InvestMarketplaceEquityNews
Is Anthropic's Mythos a cybersecurity breakthrough, or just 'criti-hype'?
Market Updates

Is Anthropic's Mythos a cybersecurity breakthrough, or just 'criti-hype'?

Fierce Network17d ago

  • Anthropic claims its Mythos security software is so powerful and dangerous that it will release it to only a few select partners

  • Is Mythos as dangerous as Anthropic claims? Or maybe it's an example "criti-hype"

  • AI hype and criti-hype make it much harder to discuss real benefits and costs

Tuesday was a good day to be afraid that the world was coming to an end. President Donald Trump was threatening to rain destruction on Iran, making World War III seem likely. And Anthropic announced Mythos, security software it claimed was so powerful and dangerous that it would release the tool to only a few select partners.

I was not afraid. The world has been on the verge of World War III my whole life. And Tuesday night is trash night for us, so if the world ended then, at least I wouldn't have to take out the trash.

As for Mythos -- maybe it is as dangerous as Anthropic claims. Or maybe it's an example of what Lee Vinsel, associate professor of science, technology and society at Virginia Tech, called "criti-hype."

What is criti-hype -- and why does it matter for AI?

Credit goes to my friend Cory Doctorow for introducing me to criti-hype, a word and concept he uses often in his writing, though it's not as well-known as the word and concept he himself coined.

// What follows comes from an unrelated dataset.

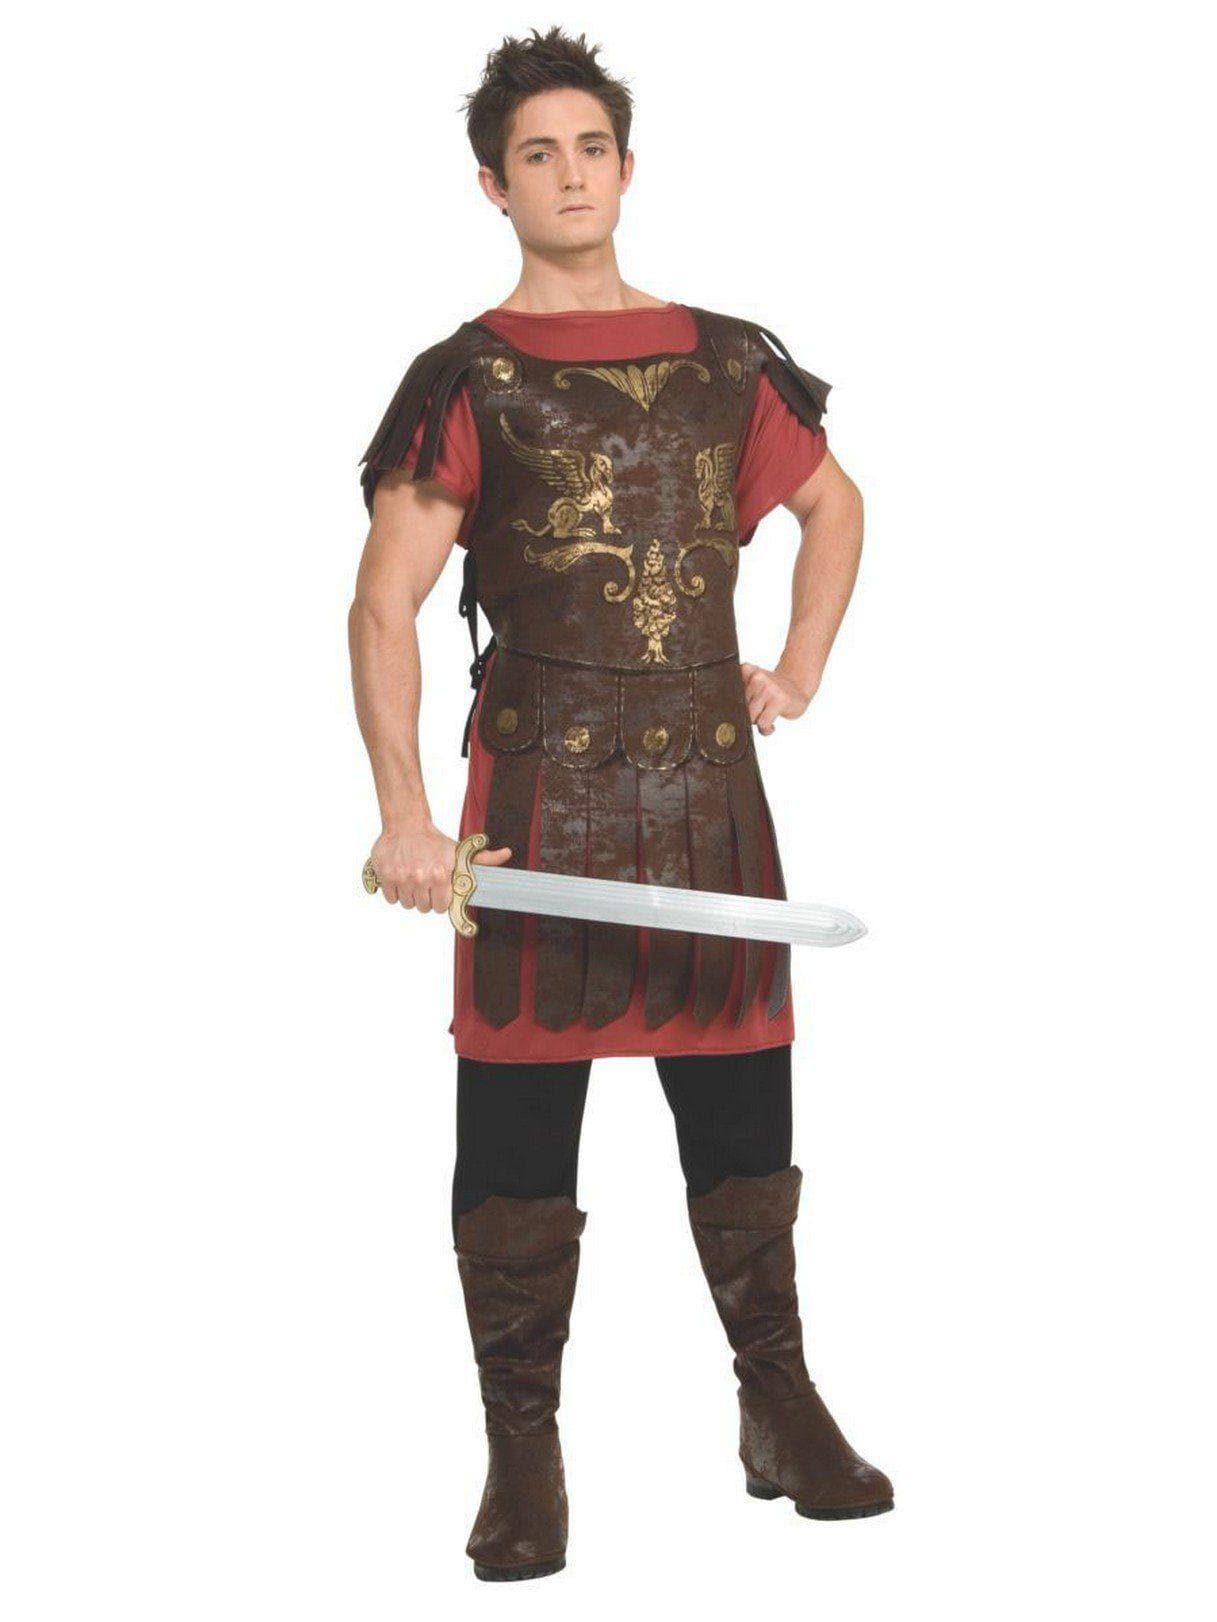 Adult Gladiator Costume - costumes.com

Criti-hype is the other side of hype. Where hype makes glorious promises for the benefits of technology, criti-hype warns the technology is an existential threat. Hype and criti-hype serve the same goal: Give the people delivering the message money, and plenty of it, to either deliver on the promise or protect you from the threat. And if a new technology is powerful enough to pose a catastrophic danger, gosh, wouldn't it be great if you licensed that technology so it was working for you?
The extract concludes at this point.